WORK TO BE COMPLETED
Would you repeat the data below exactly, taking out the images?

SOURCE DATA
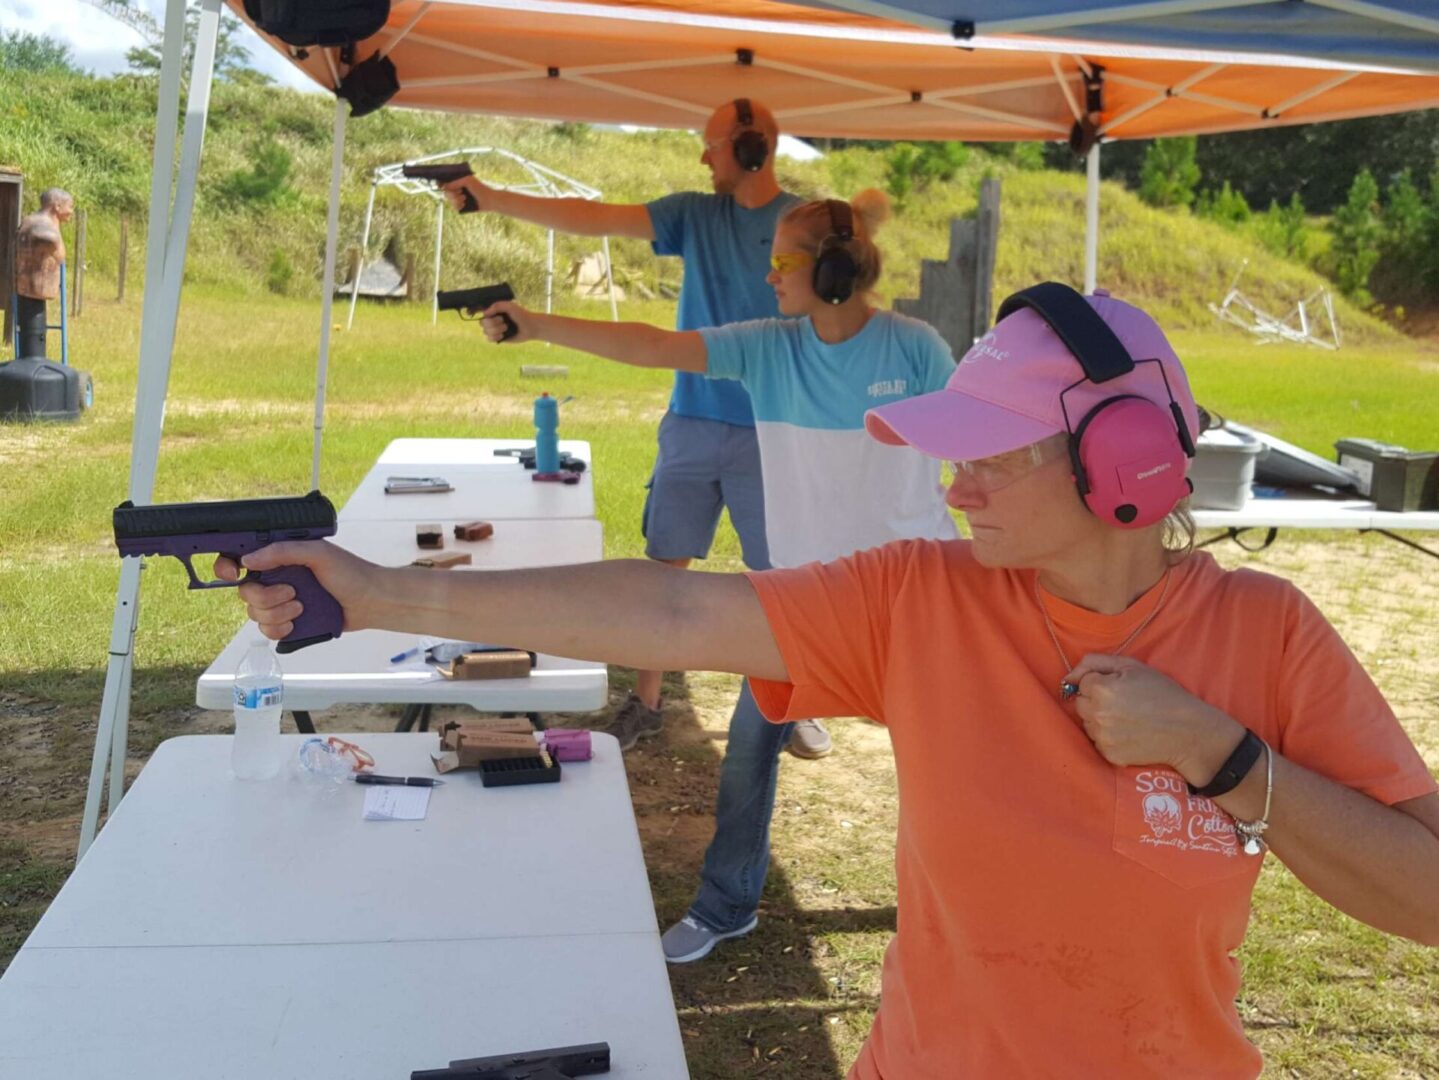 A woman wearing an orange T-shirt practicing handgun
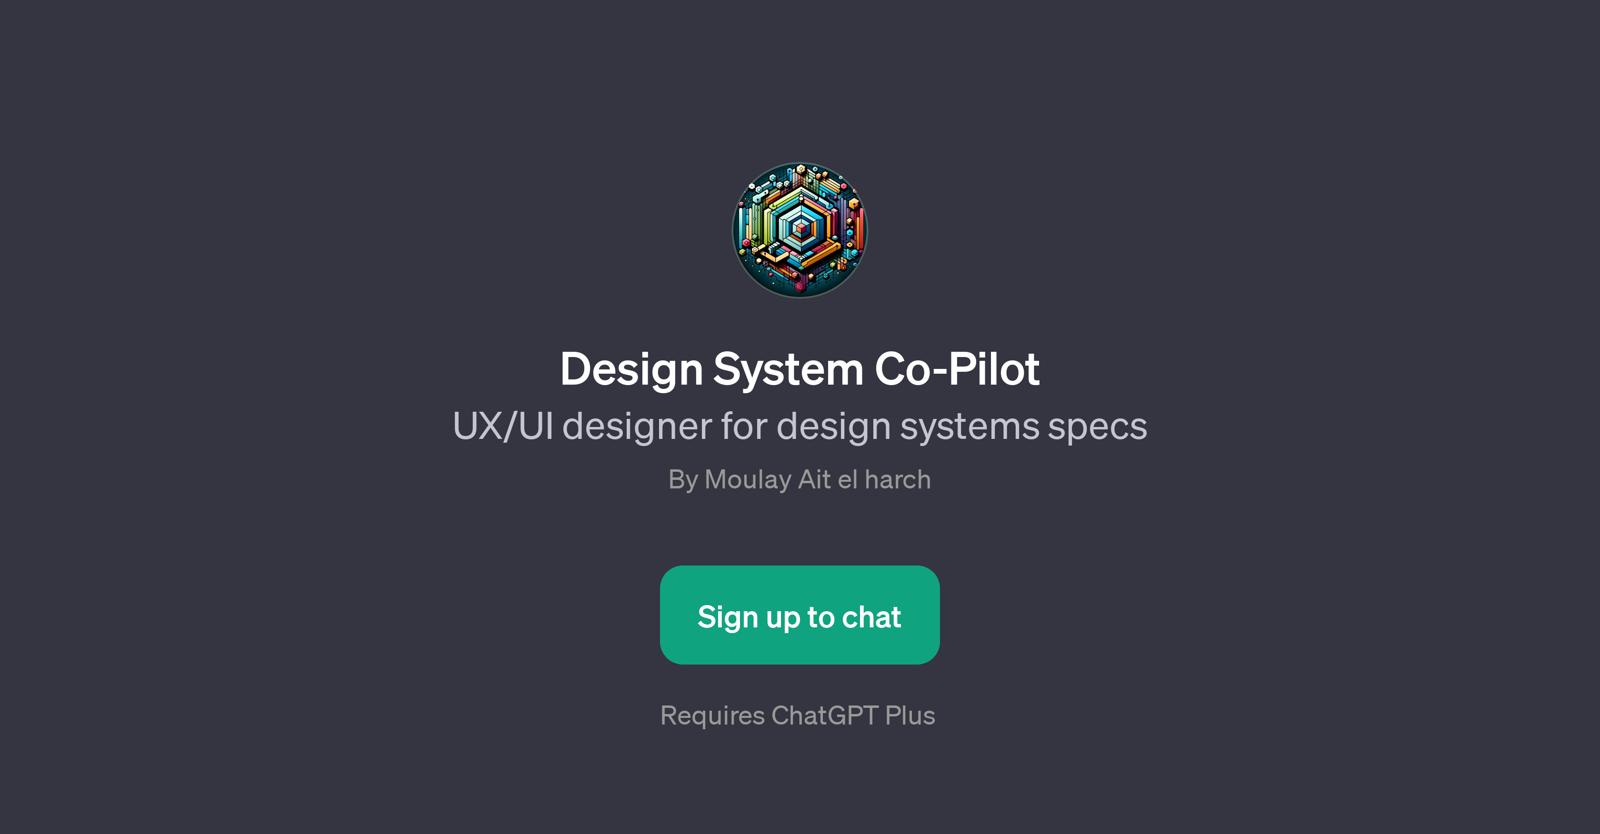 Design System Co-Pilot website
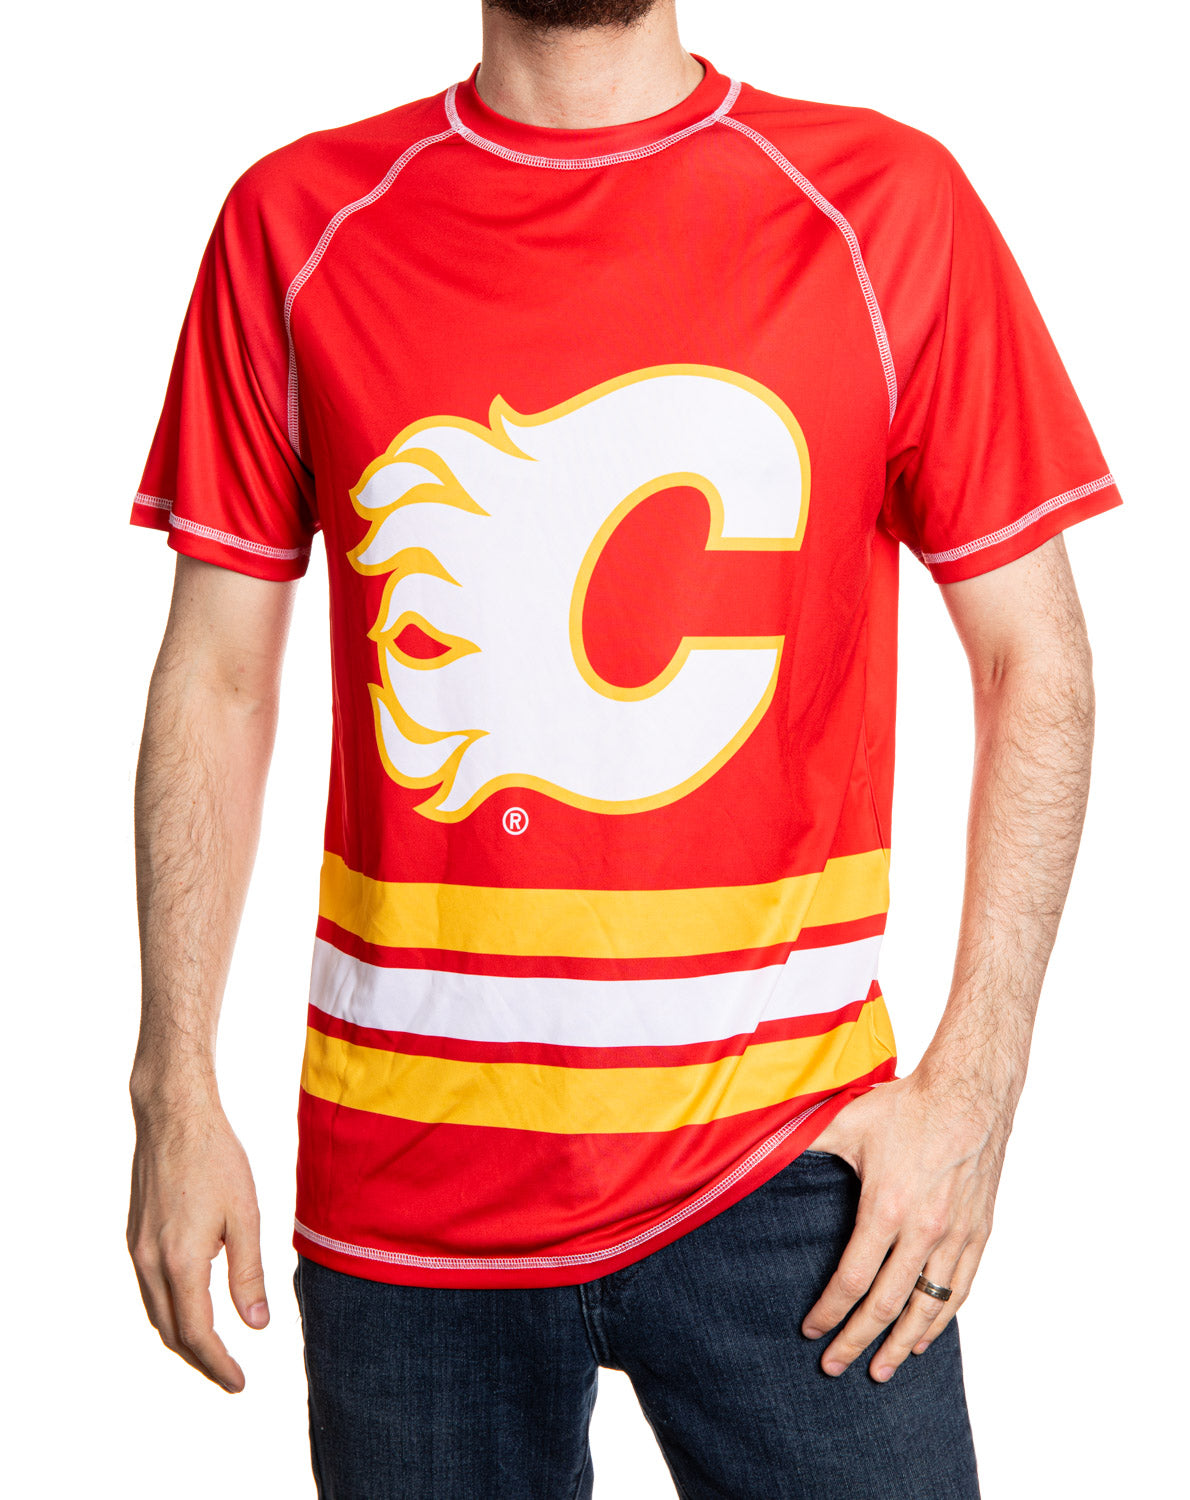 Calgary Flames Short Sleeve Game Day Rashguard

OUTPUT BELOW
 A woman wearing an orange T-shirt practicing handgun
 Design System Co-Pilot website
 Calgary Flames Short Sleeve Game Day Rashguard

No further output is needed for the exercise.